Same goes for EMC, which bought Syncplicity last spring for its cloud-based file sync and share capability. Last week, it announced an enterprise version, which lets users connect to the Documentum repository via a connector that's free for Documentum customers, and they announced an on-premise version of Syncplicity that lives behind the firewall--and may defeat the true purpose of file sync and share, but is an attempt to make it more palatable to a group of customers who might not otherwise be ready to use it.
In fact, EMC is moving the entire Documentum platform to the cloud, but it doesn't mean that all their customers are ready for this move.

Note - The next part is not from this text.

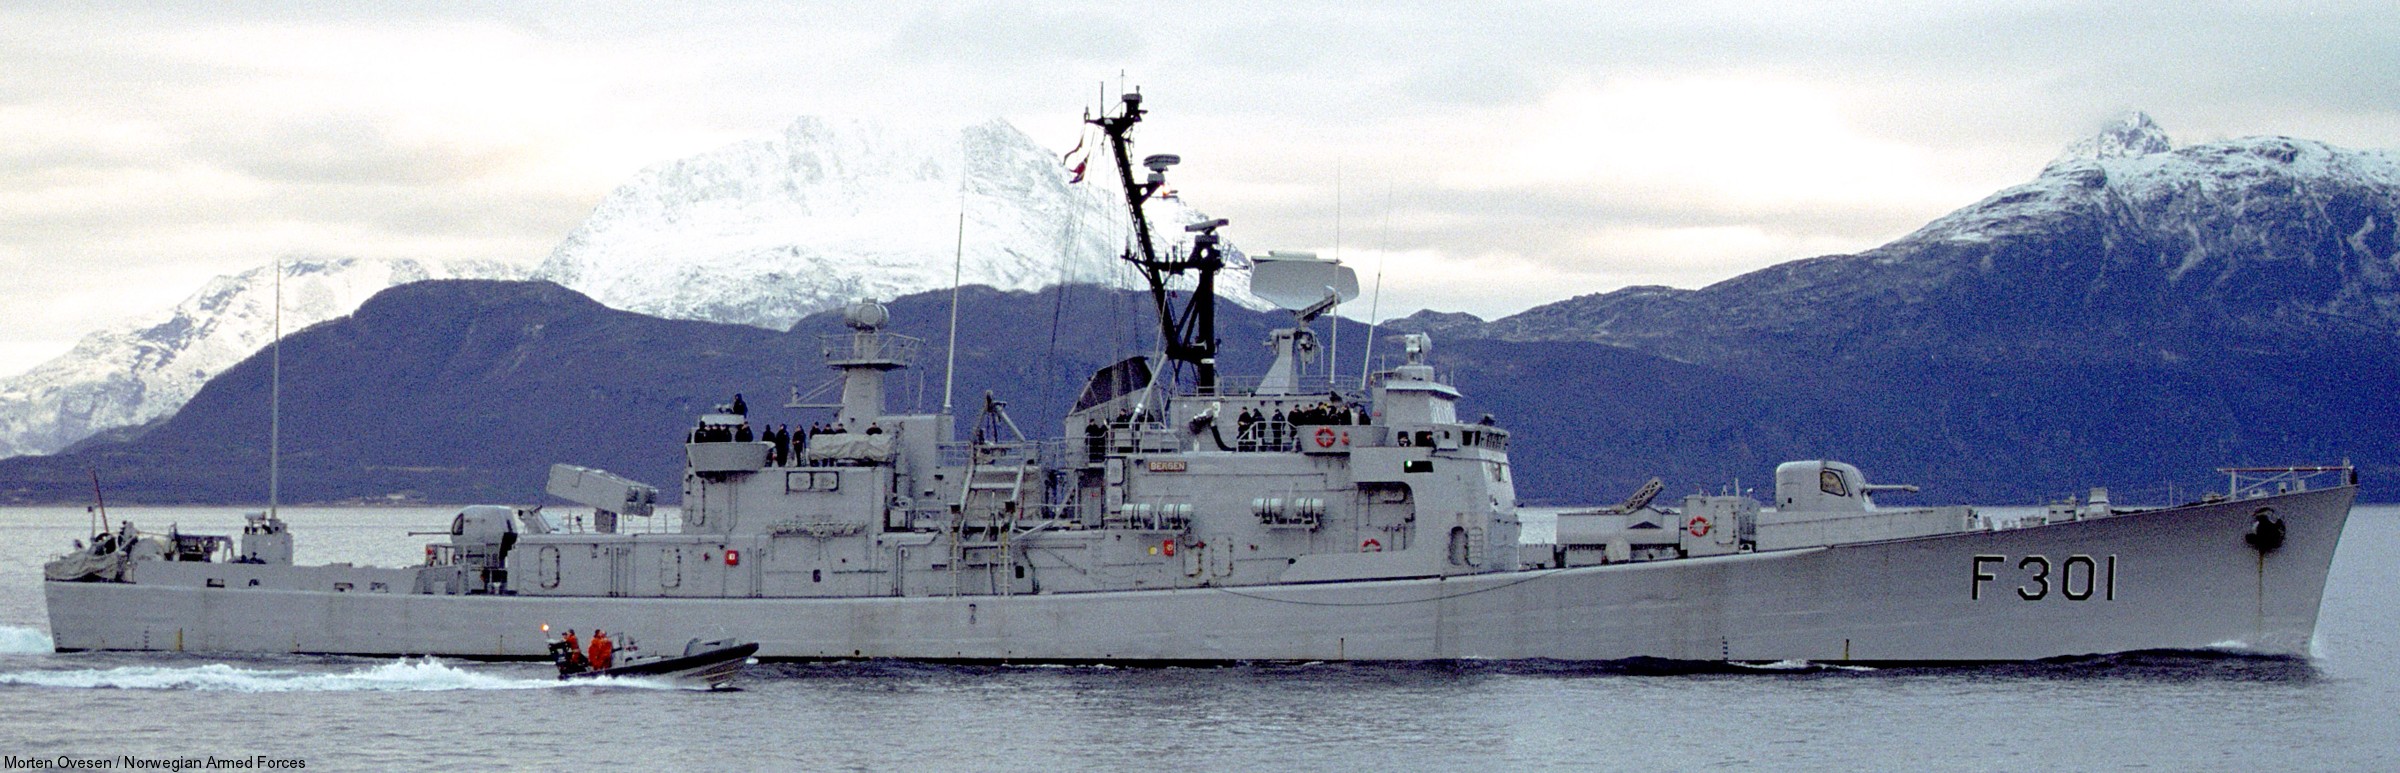 f-301 hnoms bergen knm oslo class frigate royal norwegian navy sjoforsvaret 08

Documentum product manager David Mennie admitted, "The industry doesn't necessarily move at the same pace as the technology."
And that was evident at the conference. Many records managers and IT pros who made up a majority of the attendees were not ready for the shift. Some outright rejected it. As I wrote in an article on CITEworld, "Old World IT meets Seth Godin," there was clearly a tension at the conference between folks who were ready to move on from older enterprise software models, and those who weren't.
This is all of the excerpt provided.